Treatment of Myxedema-Associated Cardiogenic Shock

right arrow Larry A. Osborn and R. Phillip Eaton

15 July 1993 | Volume 119 Issue 2 | Pages 168-169


IN RESPONSE:

Drs. Mantzoros and Ravi suggest the possibility of a beneficial response to thyroxine rather than to intravenous triiodothyronine. The following observations argue against any significant therapeutic contribution from the thyroxine: After 7 days of thyroxine therapy, the patient had hemodynamic measurements indicating cardiogenic shock; on day 8, both serum thyroxine and triiodothyronine levels were still abnormally low; and ". since T3 (triiodothyronine) has approximately three times the metabolic potency of T4 (thyroxine), virtually all of the metabolic action of T4 can be ascribed to the action of the T3 that it gives rise to" [1]. We believe thyroxine could not give rise to triiodothyronine in our patient because of impaired conversion. These points, along with dramatic improvement 16 hours after administering intravenous triiodothyronine, with a then normal serum triiodothyronine level, support the belief that parenteral triiodothyronine was the definitive hormone therapy.
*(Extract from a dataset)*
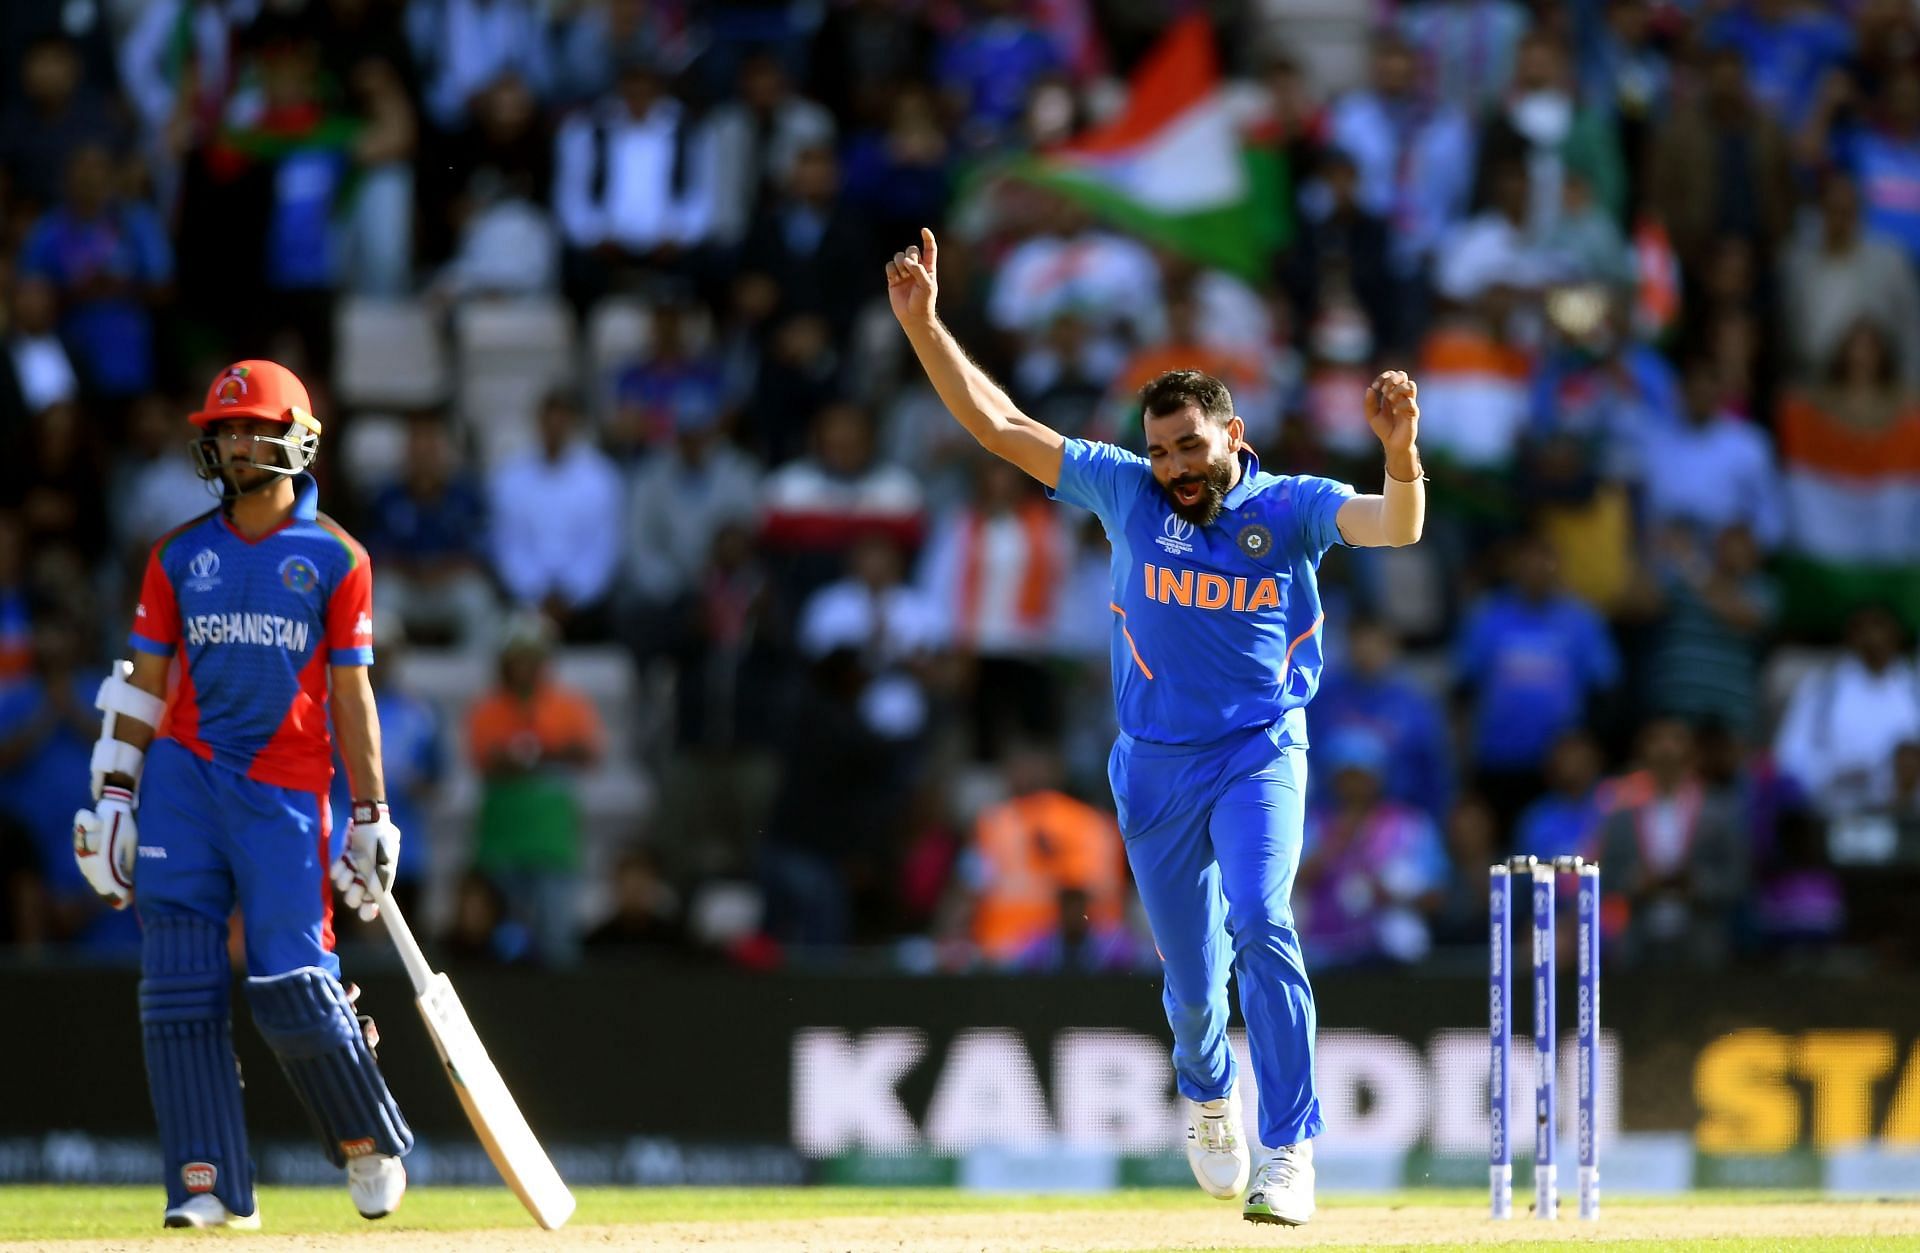 Mohammed Shami took 14 wickets in four matches in the 2019 World Cup, including a hat-trick.

We agree with Drs. Mantzoros and Ravi that cautious thyroid hormone replacement therapy should be used if coronary ischemic heart disease is suspected. In our case report, we emphasize that heart failure caused by hypothyroidism is rare, but when it exists and is severe, intravenous triiodothyronine therapy is recommended. We are not proposing this treatment for patients with heart failure due to other causes who are concurrently hypothyroid.

We agree with Dr. Klein that the differential diagnosis of hypopituitarism should include lymphocytic hypophysitis. This disorder frequently is associated with elevated prolactin levels [2]. In the case we reported, the patient was unable to lactate after her last pregnancy, and she had an undetectable prolactin level. To completely resolve this question would require microscopic examination of the patient's pituitary gland.

Dr. Klein's comments about the potential role of triiodothyronine in lowering systemic vascular resistance are most intriguing [3]. Other variables contributing to the falling systemic vascular resistance included decreased catecholamine levels after intubation with improved oxygenation and decreased work of breathing; and a reflex decrease in systemic vascular resistance after triiodothyronine-mediated improvement in myocardial contractility leading to improved cardiac output.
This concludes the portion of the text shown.